Teaching python (programming) to children
sholden at holdenweb.com
Mon Nov 5 20:32:00 CET 2001
"Hung Jung Lu" <hungjunglu at yahoo.com> wrote ...
> Nomad <nomad***@***freemail.absa.co.za> wrote in >...
> > IMHO, python would be one of (if not _the_) best language to teach
> > beginning programming - not just children, but as you mention, there
> > is the difficulty with the "englishness" of the language (or almost
> > any other programming language).
> I have my doubts about Python being the first programming language to
> teach. I see all too many newbies running into the problem of
> namespaces. How do you explain to them that "from xyz import *" is a
> bad thing, if they don't even understand what's going on behind the
You don't. You simplify, so they initially don't even realise it's possible.
If they don't know they can do something, beginners aren't as likely to get
into trouble by abusing the feature.
> Also, how in the world can beginners understand what a hash
> table mean? Are we going to tell them something like: "oh well, think
> of Python dictionary as a magic black box, you'll understand it later
> when you take a course in C/C++"?
You appear to be making the mistake of assuming that the beginner *must*
understand the implementation of an object to be able to use it. If this
were the case we would never learn to drive a car, or to speak natural
languages. A good teacher manages to select useful, and usable, simplifying
assumptions which the beginner can comprehend in terms of their present
understanding. A magic black box isn't a bad way to understand
dictionaries - certainly it's easier for the beginner than looking into hash
functions, buckets, collision chains, and all the other mess that (may) live
under there, and would simply server to confuse.
> Python seems very friendly, at first sight. But unless you really
> understand the dictionary and namespace (and name binding) mechanisms
> behind it, you'll run into surprises in no time. And at that moment,
> there is simply no way that it could be explained in easy terms to
> beginners, when they don't understand things like pointers,
> references, memory stack and heap, hash tables.
Certainly the beginner should be taught to expect the unexpected, since it
should not be hidden from them that their understanding is simplified. When
their mental model ceases to fit the language they are probably ready to
have it expanded. But if I accepted your argument, that would logically
imply that a begineer would have to understand RISC/CISC instruction sets
and the von Neumann model before they could write a program in BASIC.
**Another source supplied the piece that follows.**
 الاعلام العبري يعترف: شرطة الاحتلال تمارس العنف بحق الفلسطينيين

> I do believe Python should be part of a programmer's school
> curriculum, but I really doubt it can be a good first language to
> learn, unless some technicality questions are addressed properly.
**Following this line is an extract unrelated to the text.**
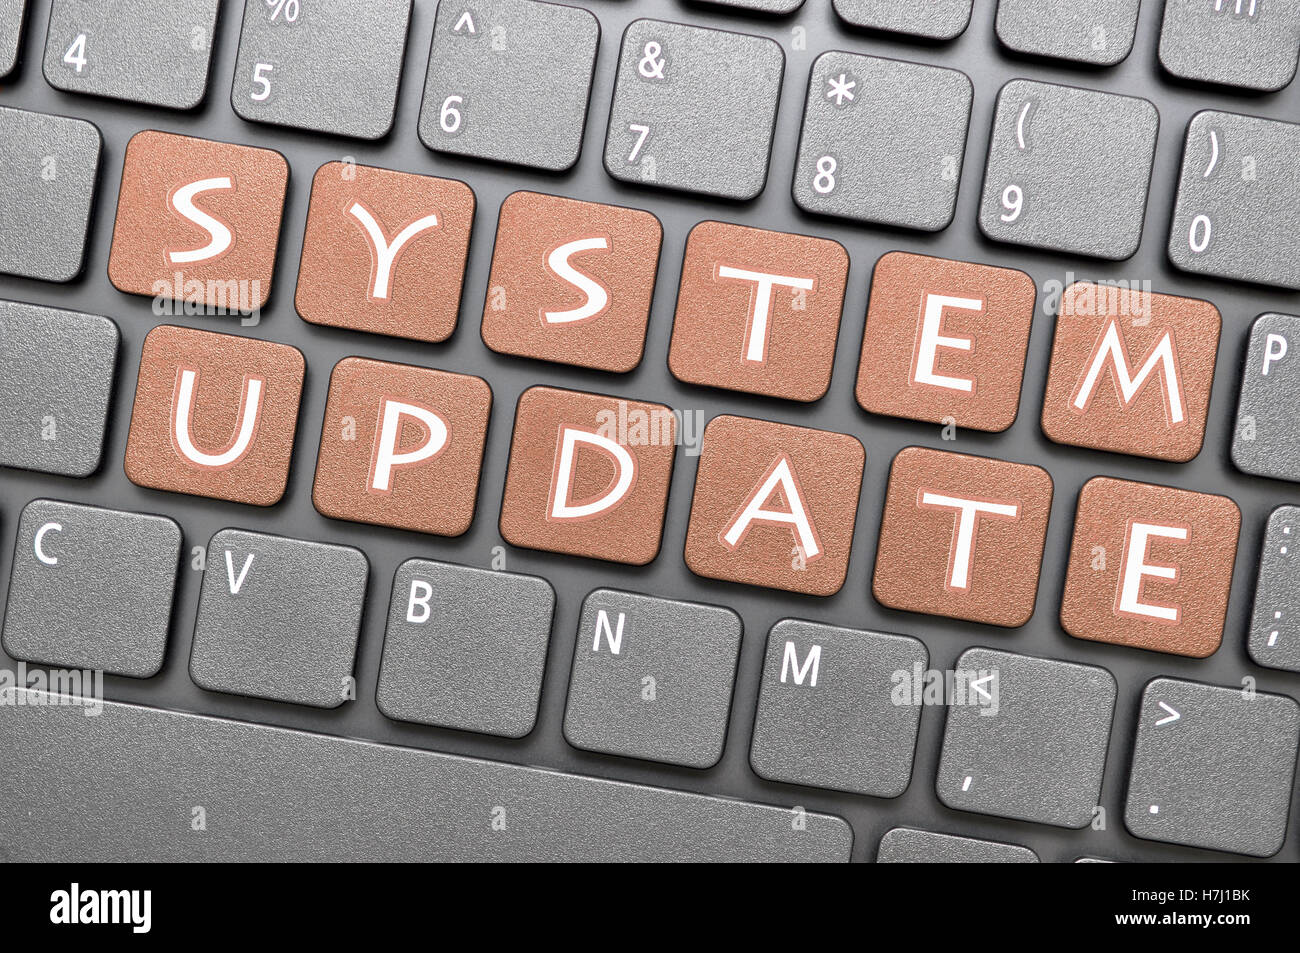 Braun System-Update-Key auf Tastatur Stockfoto

This is where we differ. I would ignore the difficult bits until they
insistently present themselves to the beginner. "Why doesn't it work like
you taught me" is a great question for a beginner, and until it is asked the
taught level of understanding is adequate.
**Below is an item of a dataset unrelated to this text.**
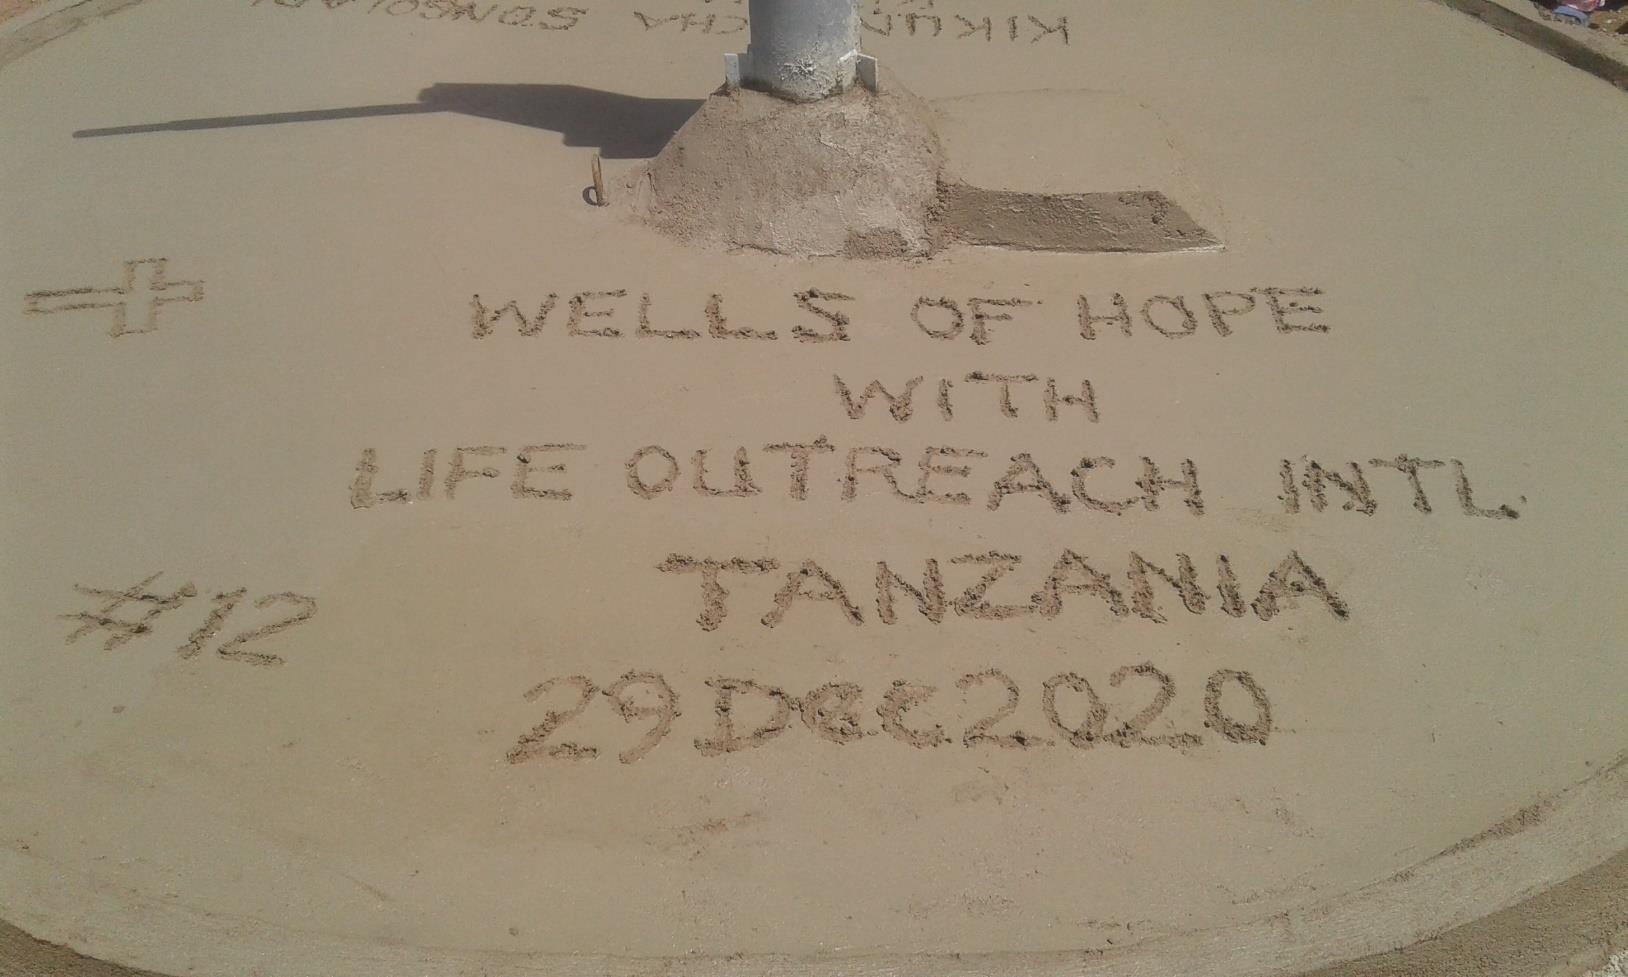 Tanzania 2020 - LOI Well # 12_1-61_1476395017

> Or is there a good way of teaching to make it less traumatic for
> beginners to grasp the concepts of dictionary, name spaces, assignment
> by reference? It is just really really annoying that every single
> newbie has to be explained on these issues, and many of them end up
> without understanding it. I can't imagine teachers having a good time
> at these issues. I mean, it's OK to make students understand these
> Python issues, but the time required is not negligible, and the
> knowledge gained is limited in scope: these peculiarities are very
> Python specific. And it's doubly frustrating when after spending all
> the time, the students end up without understanding it. What can you
> do? It's not the fault of the average students or the average
> teachers, when the language itself has a non-trivial component that's
> hard to explain/understand.
Here I believe your focus on what a "newbie" is has changed, to include
programmers arriving at Python via some other language. A programmer who is
familiar with C, or C++, or any other single language, will bring a whole
set of assumptions with them -- and they do, repeatedly, try to transfer
their existing knopwledge to the new language. One who has programmed in
several languages will ask more sensible questions, but they will still need
to know Python specifics. THey will simply have a larger base of referent
concepts to call upon for explanation and enlightenment.
I therefore believe that "Python for C Programmers" would, and should, be a
very different class from "Python for Beginners": the former would have to
focus on differences between the two langugae environments, while the latter
could use many simplifying analogies without ever having to discuss exactly
how lists, tuples, dictionaries and classes are structured and implemented.